OPENAI_API_KEY=[Put your API KEY]
Enter fullscreen mode Exit fullscreen mode

Please save the CSV data for demo data in data/Traffic_Orders_Demo_Data.csv.

Buidling frontend

With Morph, you can build frontend using mdx files in src/pages .

This time, we will use the component to create a chat interface built using LangChain. Since we want to view the data while asking questions, we display the data in a table format using side by side.

We also adjust the layout using and Tailwind CSS utility classes.

# Q&A Agent over SQL

You can ask questions to the SQL Agent about the data and get the answer in SQL.
Only admin user can ask questions to the SQL Agent.
p
<Grid cols={2} className="py-4">
    <div>
        <DataTable loadData="example_data" height={400} />
    </div>
    <div className="p-4 bg-gray-50 rounded-lg shadow-sm border border-gray-200 hover:shadow-md transition-shadow">
        <Chat postData="sql_agent" />
    </div>
</Grid>
Enter fullscreen mode Exit fullscreen mode

You can check the pages by accessing to http://localhost:8080 after running morph serve in terminal.

frontend

Building Q&A Agent with Text-to-SQL Using LangChain

We will use LangChain’s Runnable API and StructuredOutputParser to generate the necessary SQL queries to answer user questions. By executing these SQL queries with DuckDB and using the results, we will build an AI agent that answers user questions by leveraging the Runnable API again.

In MDX, the component automatically sends prompt and thread_id:

  • prompt : The message entered by the user.
  • thread_id : A unique identifier for the thread displayed in the chat UI (not used in this implementation).

By receiving the prompt and using it in the messages parameter for LangChain’s invoke function, we enable the interaction between the AI agent and the front-end.

Generating SQL Queries and Retrieving Data Based on User Questions in LangChain

First, we create a function decorated with @morph.func so that it can be handled within the Morph framework. We then initialize an instance of LangChain’s OpenAI model.

import morph
from morph import MorphGlobalContext
from morph_lib.types import MorphChatStreamChunk
from langchain_openai import ChatOpenAI

@morph.func
def sql_agent(
    context: MorphGlobalContext,
) -> Generator[MorphChatStreamChunk, None, None]:
    chat = ChatOpenAI(
        model="gpt-4o",
        temperature=1,
        streaming=False
    )
Enter fullscreen mode Exit fullscreen mode

For the CSV file used in this implementation, we specify the file path and data description in the system prompt. By providing format_instructions, we enable StructuredOutputParser to define the SQL output format.

SYSTEM_TEMPLATE = """Please execute SQL queries on a table named `./data/Traffic_Orders_Demo_Data.csv` in DuckDB with the following schema:
date: text - date
source: text - traffic source (Coupon, Google Organic など)
traffic: int - traffic count
orders: int - order count

This table contains traffic and order data for the marketing campaigns.

As a source, you have the following data:
- Coupon
- Google Organic
- Google Paid
- TikTok Ads
- Meta Ads
- Referral

Generate a SQL query to answer the user's question.
{format_instructions}
"""
Enter fullscreen mode Exit fullscreen mode

We use StructuredOutputParser to make the generated text parsable as structured data (JSON).

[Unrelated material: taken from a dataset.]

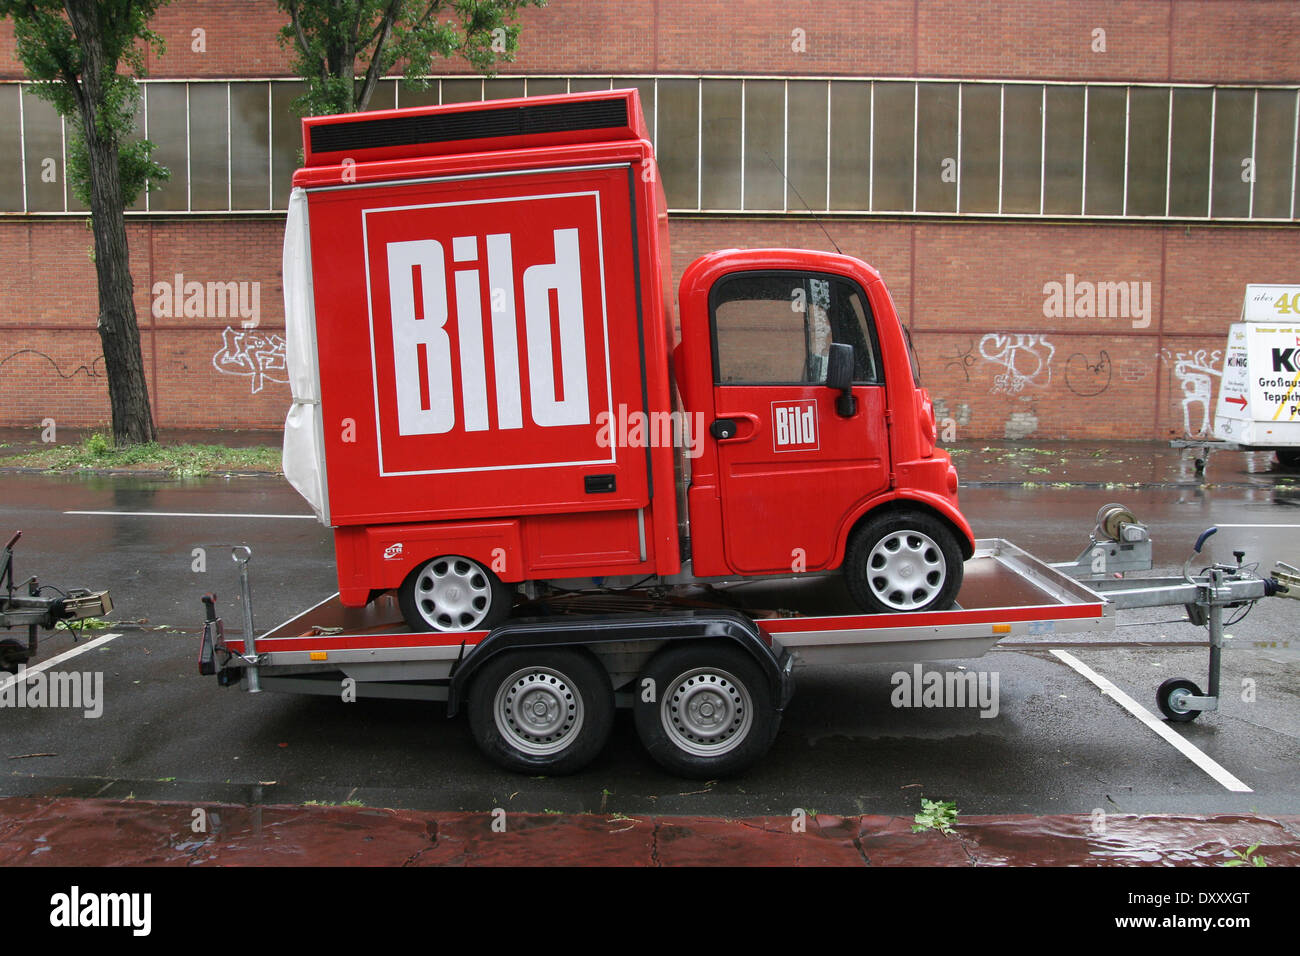 BILD logotipo en un coche rojo corto en Colonia, Alemania. Foto de stock

Then, leveraging LangChain’s Runnable API , we build a data flow for generating SQL queries.

# Setup the SQL query output parser
sql_schema = ResponseSchema(name="sql", description="The SQL query to execute")
output_parser = StructuredOutputParser.from_response_schemas([sql_schema])
format_instructions = output_parser.get_format_instructions()

prompt = ChatPromptTemplate.from_messages([
    ("system", SYSTEM_TEMPLATE),
    ("human", "{question}")
])
# Create the chain for SQL generation
chain = (
    {"question": RunnablePassthrough(), "format_instructions": lambda _: format_instructions}
    | prompt
    | chat
    | StrOutputParser()
    | output_parser
)
Enter fullscreen mode Exit fullscreen mode

Execute the created data flow to generate SQL. The generated SQL is streamed back to the chat using the stream_chat function.

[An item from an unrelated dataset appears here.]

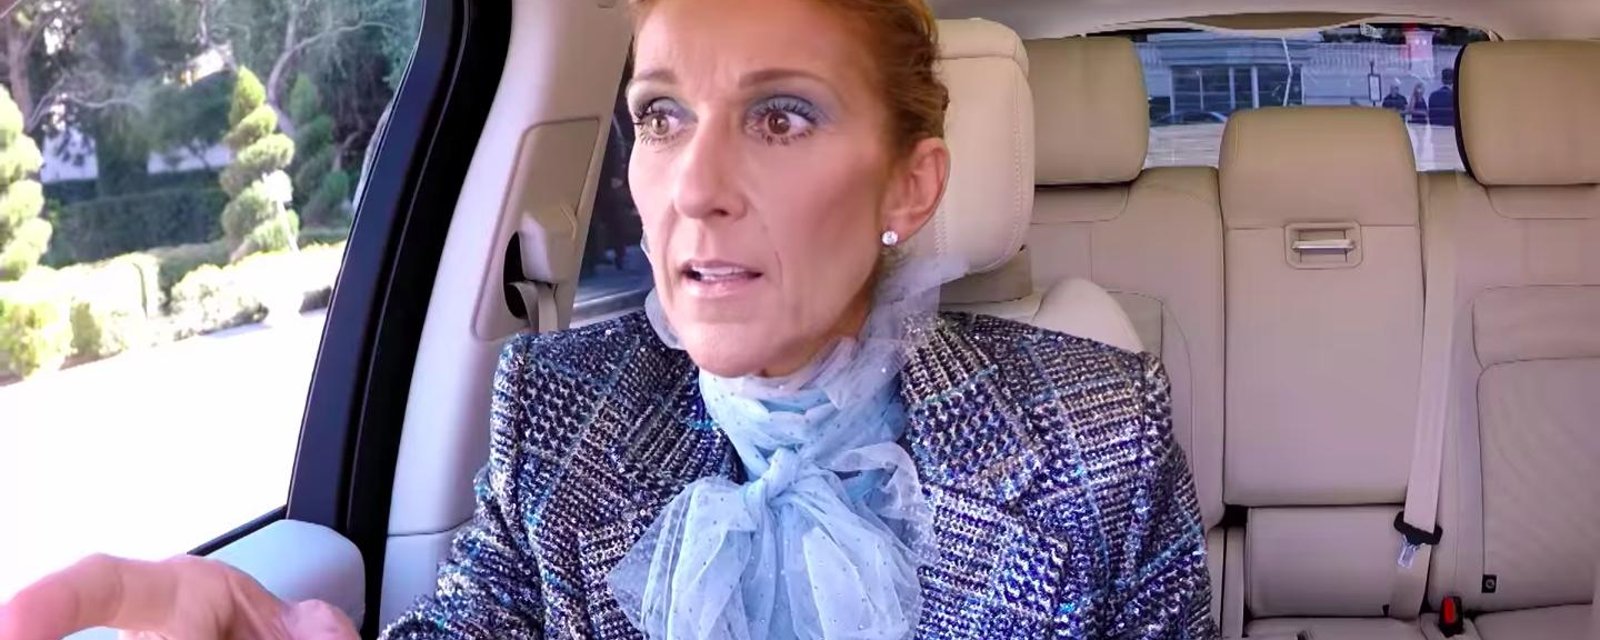 Céline Dion est la cible de nombreux commentaires négatifs suite à son Carpool Karaoke

from morph_lib.stream import stream_chat

# Generate SQL query
result = chain.invoke(context.vars["prompt"])
sql = result["sql"]
        # display generated sql
yield stream_chat(f"""
### SQL
{sql}
""")
Enter fullscreen mode Exit fullscreen mode

Next, execute the generated SQL. By specifying “DUCKDB” as the second argument of execute_sql, we can use DuckDB as the engine.

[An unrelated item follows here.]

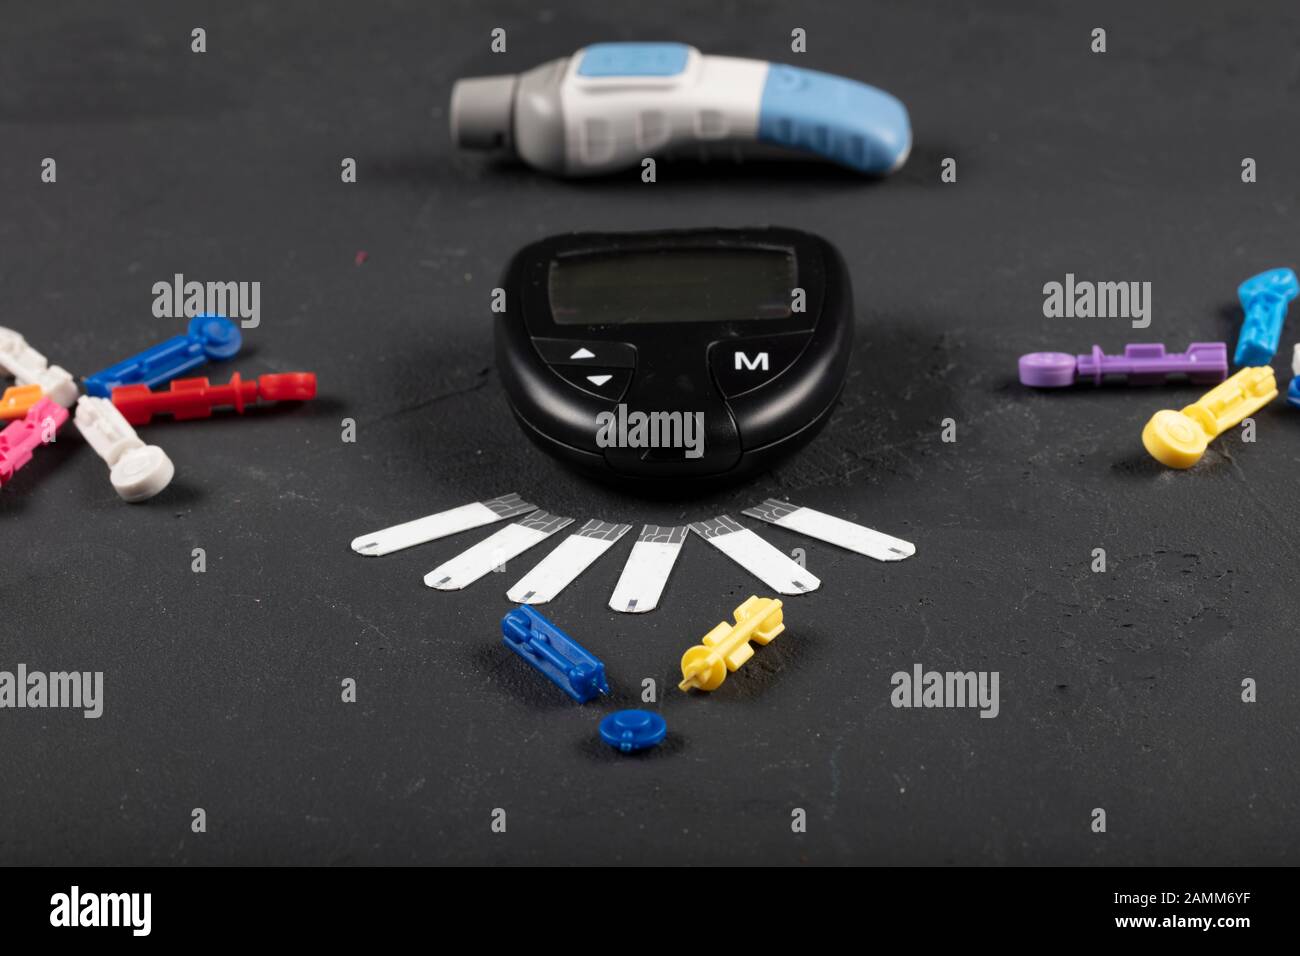 Glukosimeter (Zuckermessgerät) und Spritze für Insulin, Überwachung von  Diabetes mellitus isoliert auf schwarzem Hintergrund Stockfotografie - Alamy

The execution result is returned as a DataFrame, which is then converted into a Markdown string to be passed to the LLM.

from morph_lib.database import execute_sql

# Execute SQL and get results
data = execute_sql(sql, "DUCKDB")
data_md = data.to_markdown(index=False)
Enter fullscreen mode Exit fullscreen mode

Generating Responses Using SQL Results

Using the retrieved results, we leverage LangChain’s Runnable API again to create an agent that constructs prompts, processes questions, and streams responses to answer user queries.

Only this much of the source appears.